In diesem Sommer wurde die Welt von einer ganzen Reihe von Naturkatastrophen heimgesucht, die neue Rekorde aufstellten. Überschwemmungen ungekannten Ausmaßes sorgten in Mitteleuropa und China für Tod und Zerstörung, Nordamerika und Südeuropa litten unter Hitzewellen, und in Griechenland und Sizilien, Kanada und Sibirien wurden durch großflächige Brände viele Hektar Wald vernichtet.

Diese Extremwetterereignisse wirken sich nicht nur verheerend auf unsere Umwelt aus, sondern bringen auch für die Beschäftigten in der Lebensmittelkette gewaltige Herausforderungen mit sich. Je unbeständiger und unberechenbarer das Klima wird, desto prekärer werden die Lage der Landwirtschaft und der Menschen, die dort arbeiten. Die Verletzung von Arbeitnehmerrechten und die Zerstörung der Umwelt hängen eng miteinander zusammen. Zusätzlich verschärft wird dieser Nexus durch ein Nahrungsmittelsystem, das Ungleichheit produziert, nicht nachhaltig ist und sich destabilisierend auswirkt. Darum ist der Kampf gegen den Klimawandel in hohem Maße zugleich ein Kampf für Arbeitnehmerrechte.
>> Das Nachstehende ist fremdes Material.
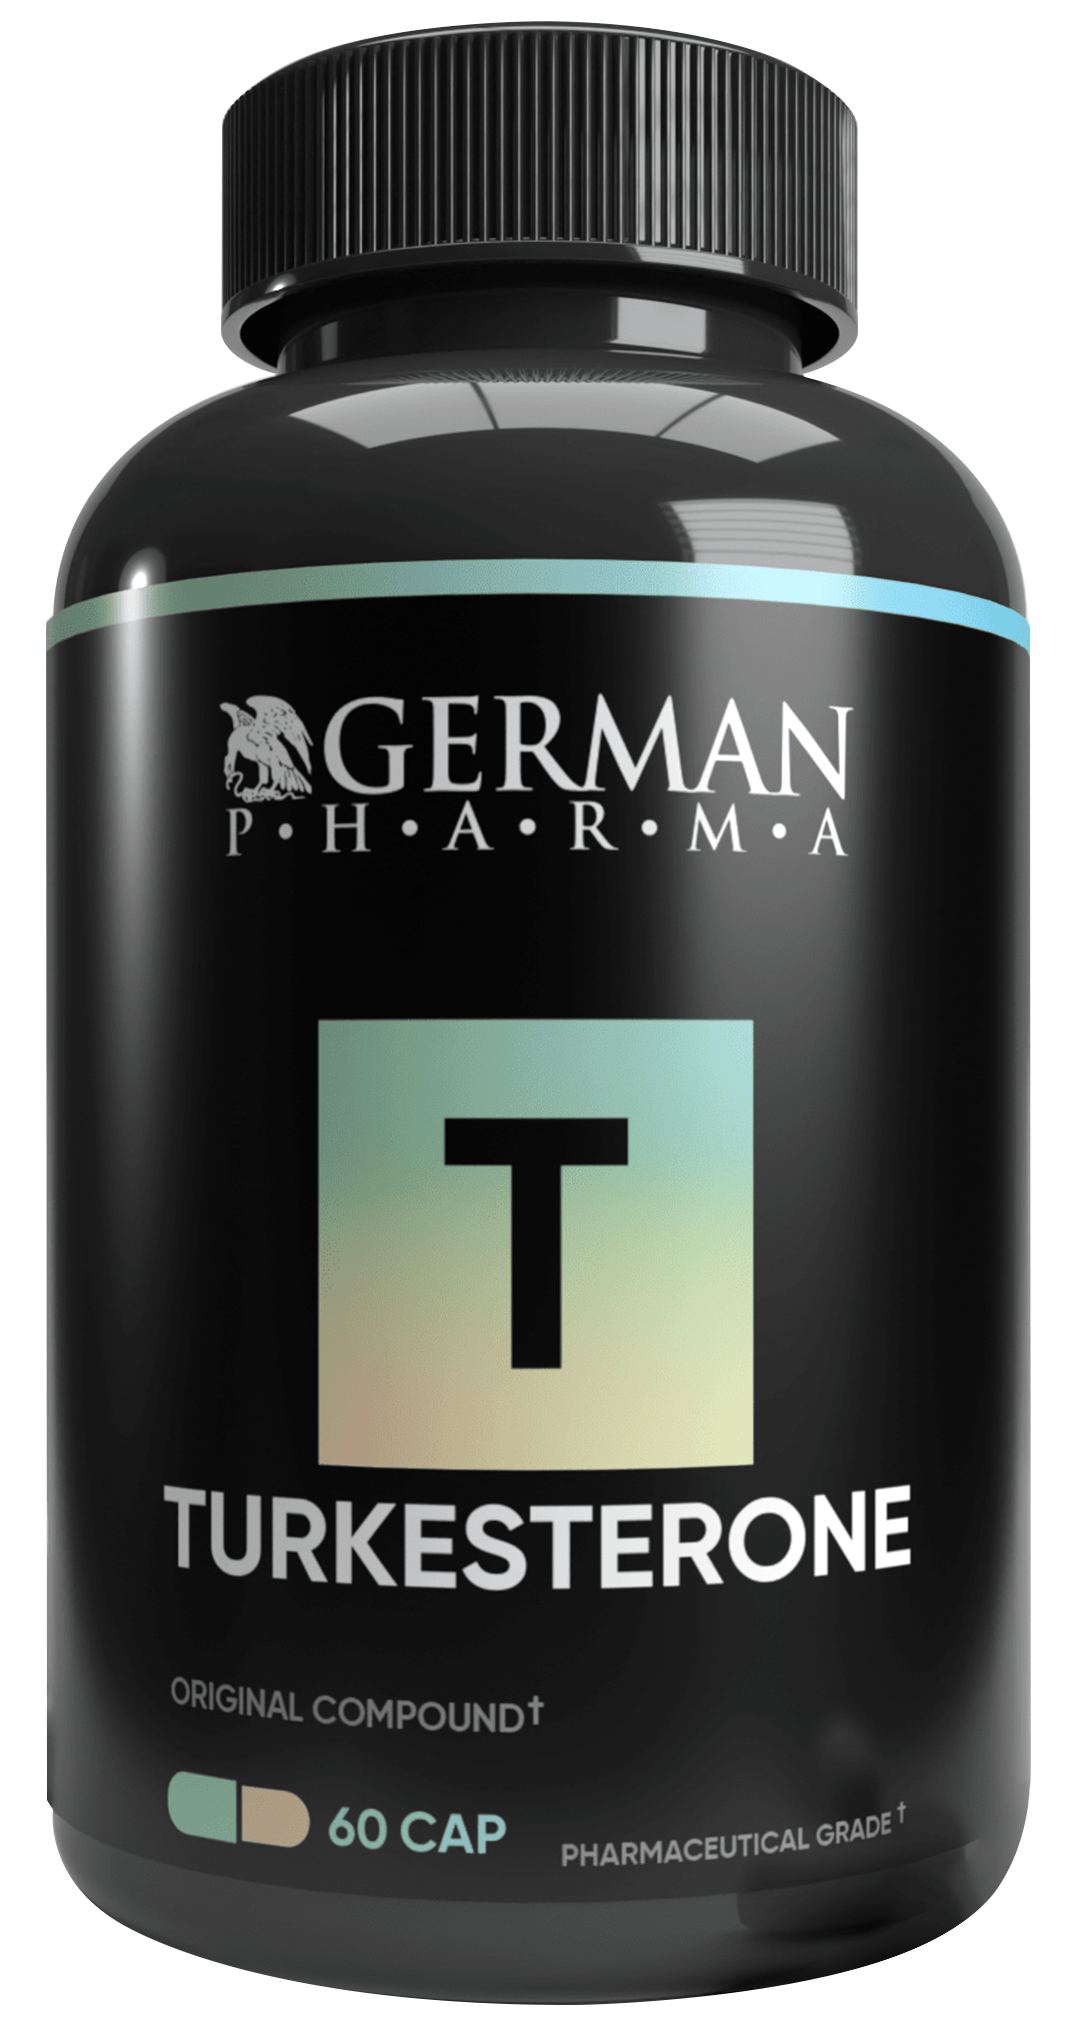 German Pharma Turkesterone (60 Servings)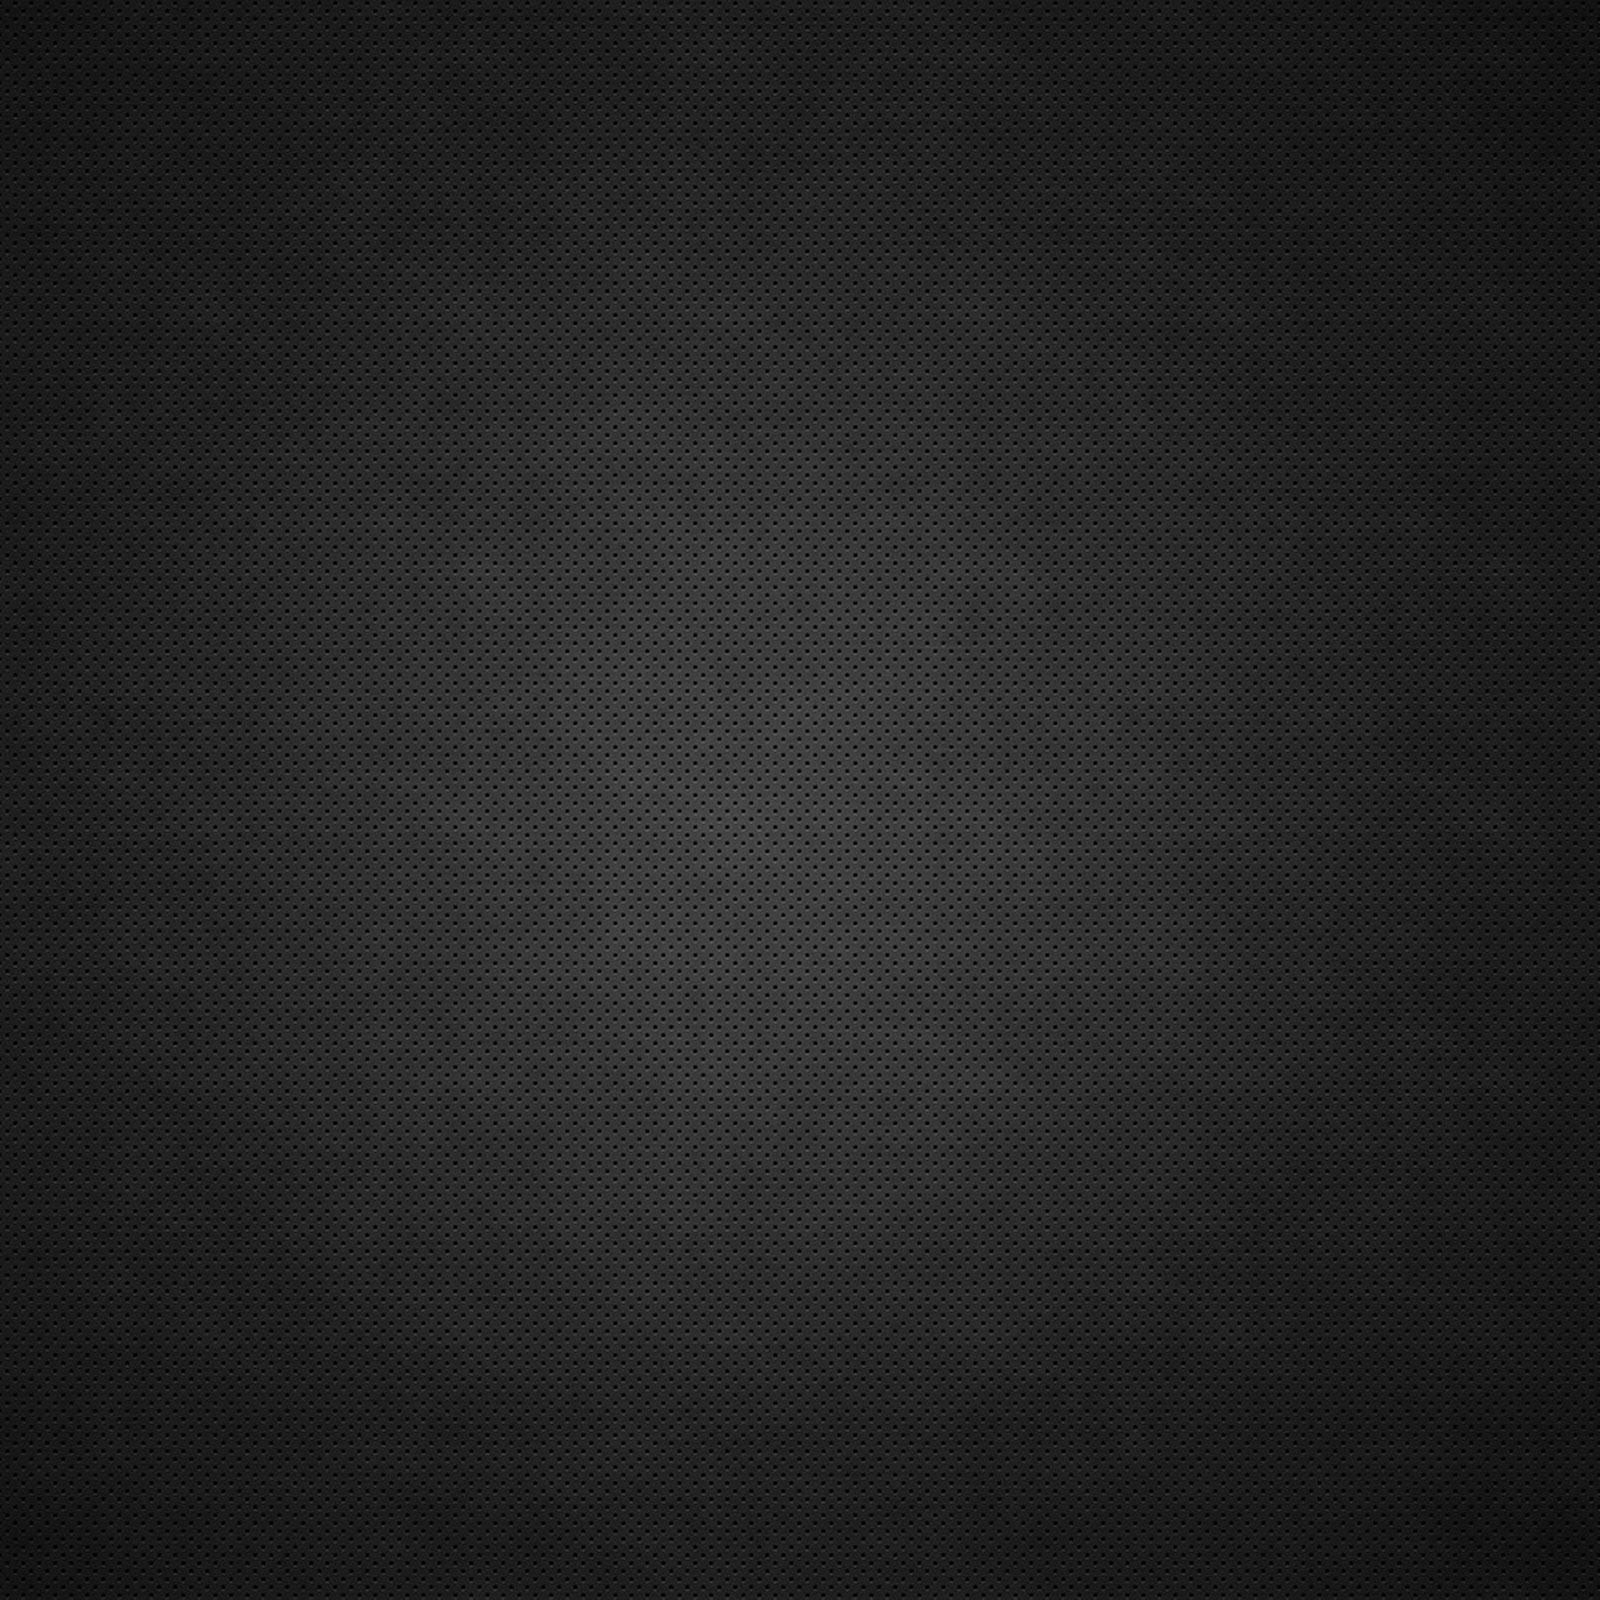 New iPad Black Wallpapers Retina iPad wallpaper 1600x1600

Je unbeständiger und unberechenbarer das Klima wird, desto prekärer werden die Lage der Landwirtschaft und der Menschen, die dort arbeiten.

Während der jüngsten Hitzewellen in den USA litten die Landarbeiterinnen unter extrem hohen Temperaturen und verfügten nicht über geeignete Schutzmaßnahmen. Im Bundesstaat Oregon starben bei Temperaturen über 40°C mehrere Farmarbeiter. In ihrer Verzweiflung gingen einige dazu über, in den Nachtstunden zu arbeiten. In Europa stellt sich die Situation nicht anders dar. Durch die steigenden Temperaturen wächst für Landarbeiter das Risiko von Dehydrierung und Sonnenbrand, schlimmstenfalls mit tödlichen Folgen. Der 27-jährige Saisonarbeiter Camara Fantamadi aus Mali verstarb am 24. Juni, nachdem er in Brindisi im süditalienischen Apulien bei 40°C auf dem Feld gearbeitet hatte. Seine Schicht hatte an diesem Tag um 12 Uhr mittags begonnen, als die Temperaturen bereits unerträglich hoch waren. Als er nach getaner Feldarbeit mit dem Fahrrad nach Hause fuhr, brach er zusammen. Camara hatte für einen Stundenlohn von sechs Euro Tomaten geerntet.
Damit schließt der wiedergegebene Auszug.